Mucho se habla de SOA ultimamente, son las siglas de moda en la arquitectura T.I. Las ofertas de empleo hablan de SOA, google arroja más de 40 millones de resultados…  Sin embargo, en este artículo quiero volver un poco al origen,  repasar los conceptos básicos, la esencia de lo que significa este concepto.

Según una de las definiciones que más me gusta, la de Mary E. Shacklett, SOA es:

… una técnica que ha surgido del desarrollo de software orientado a objetos que fue evolucionando hacia la creación de servicios web que encapsulan piezas de software de negocio usadas en la web para coordinar procesos de negocio de empresa.

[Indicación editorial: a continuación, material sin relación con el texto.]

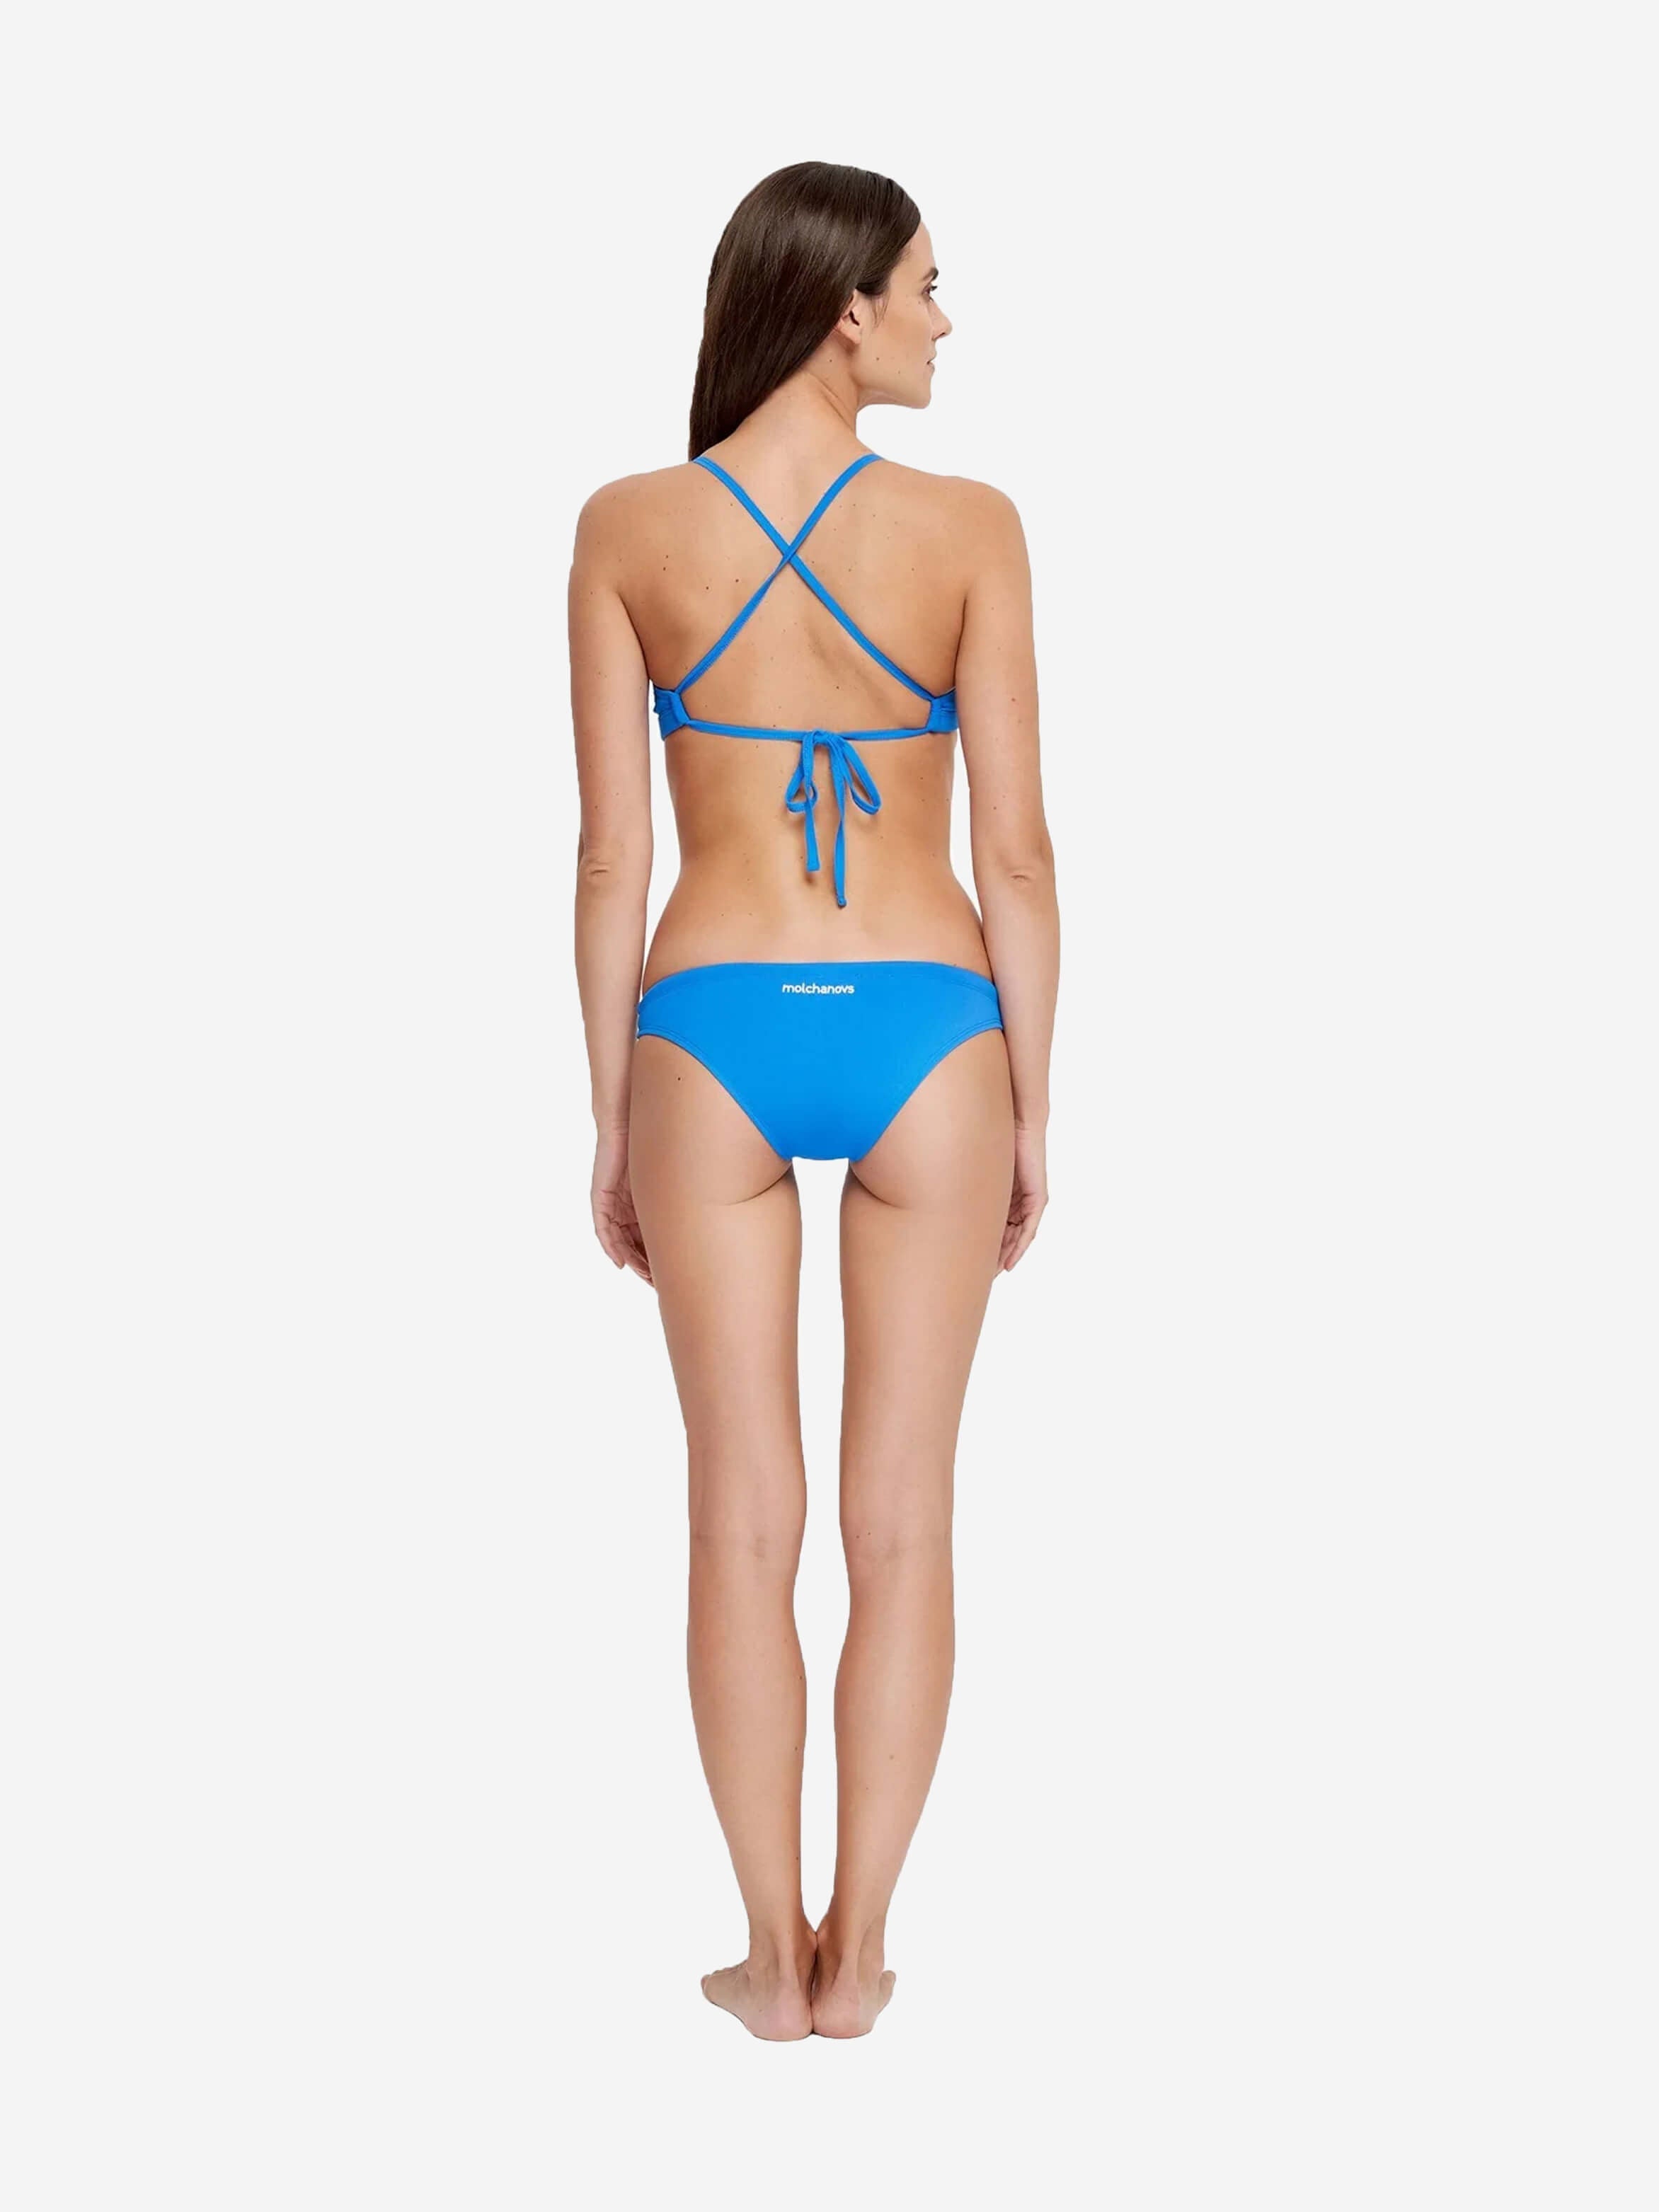 Women's Cross-Tie Back Bikini Top

Pero para entender realmente lo que significa SOA, es necesario examinar los principios sobre los que se asienta, son estos:

  1. Contratos de servicio estandarizados: forma parte de la esencia misma de un servicio. Para que se considere un servicio,  su interfaz de entrada/salida (su contrato con el cliente) tiene que estar explícitamente declarado. Los campos  que forman parte de este interfaz deben estar correctamente tipados y ser conocidos. Con la ayuda de los estándares como WSDL y XSD, el contrato del servicio está autodescrito.
    Por consiguiente, los servicios web con un campo de entrada y otro de salida, en el que se inserta a su vez un XML como contenido (que no está descrito en ninguna parte) no puede considerarse un servicio web, a pesar de que parece que son los que más abundan.
  2. Servicios con bajo acoplamiento: hace referencia al nivel de dependencia entre servicios, entre el proveedor y el consumidor. Cuanto menos acoplamiento se logra una mayor independencia para el diseño del servicio y su posterior evolución
  3. Abstracción: este principio pone el enfásis en ocultar los detalles internos del servicio, tanto como sea posible. El servicio debe ser una caja negra, únicamente definido por su contrato, que a su vez es el mínimo acoplamiento posible con el consumidor del mismo
  4. Reusabilidad: como es conocido, la arquitectura SOA no busca la sustitución de las lógicas de negocio actuales sino que proporciona una forma de reaprovechar todos estos activos encapsulandolos en servicios para que a su vez puedan ser reutilizados por otros servicios.
  5. Autonomia: Este principio indica que el servicio tiene un alto grado de control sobre su entorno de ejecución y sobre la lógica que encapsula
  6. Sin estado: el tratamiento de una gran información de estado afectaría gravemente a la escalabilidad del servicio, poniendo en riesgo su disponibilidad. Idealmente, todos los datos que necesita el servicio para trabajar provienen de los parámetros de entrada.
  7. Capacidad de descubrimiento: al servicio se le dota de meta datos, gracias a los cuales puede ser descubierto de manera efectiva. Estos meta datos pueden ser interpretados de manera automática pudiendo ser reutilizados. Para ello es necesario disponer de un mecanismo de descubrimiento (llamado registro de servicios) como por ejemplo el UDDI.
  8. Composición: define la capacidad de un servicio para formar parte de un servicio más complejo. A medida de que la arquitectura SOA se consolide, los nuevos servicios (de más alto nivel) podrán implementarse a partir de los servicios de más bajo nivel ya existentes. La implementación de nuevos servicios se reducirá al mínimo y que los nuevos se crearán a partir de otros ya pre existentes.
  9. Interoperabilidad: este principio no formaba parte de los 8 principios originales ya que en realidad es una propiedad que forma parte de todos ellos.  Cada uno de los anteriores contribuye a la interoperabilidad de alguna manera. En las arquitecturas SOA, el problema de la falta de esta cualidad es uno de los más importantes. Hay que tener en cuenta que muchos de los servicios que intervienen se implementan con una tecnología diferente, incluso con un sistema operativo distinto.
    Por ejemplo, se puede tener un servicio realizado en Java ejecutándose sobre Linux que invoca a otro implementado en .net corriendo en una máquina con Windows. Históricamente las especificaciones que dan forma a los servicios web (como WSDL, SOAP, etc.) eran tan ambiguos que las dos partes estaban prácticamente condenadas a no entenderse. Iniciativas como el Basic Profile 1.0 han contribuido a eliminar estas ambiguedades, simplificando estos estándares, logrando que el consumidor y el proveedor del servicio puedan comunicarse entre sí.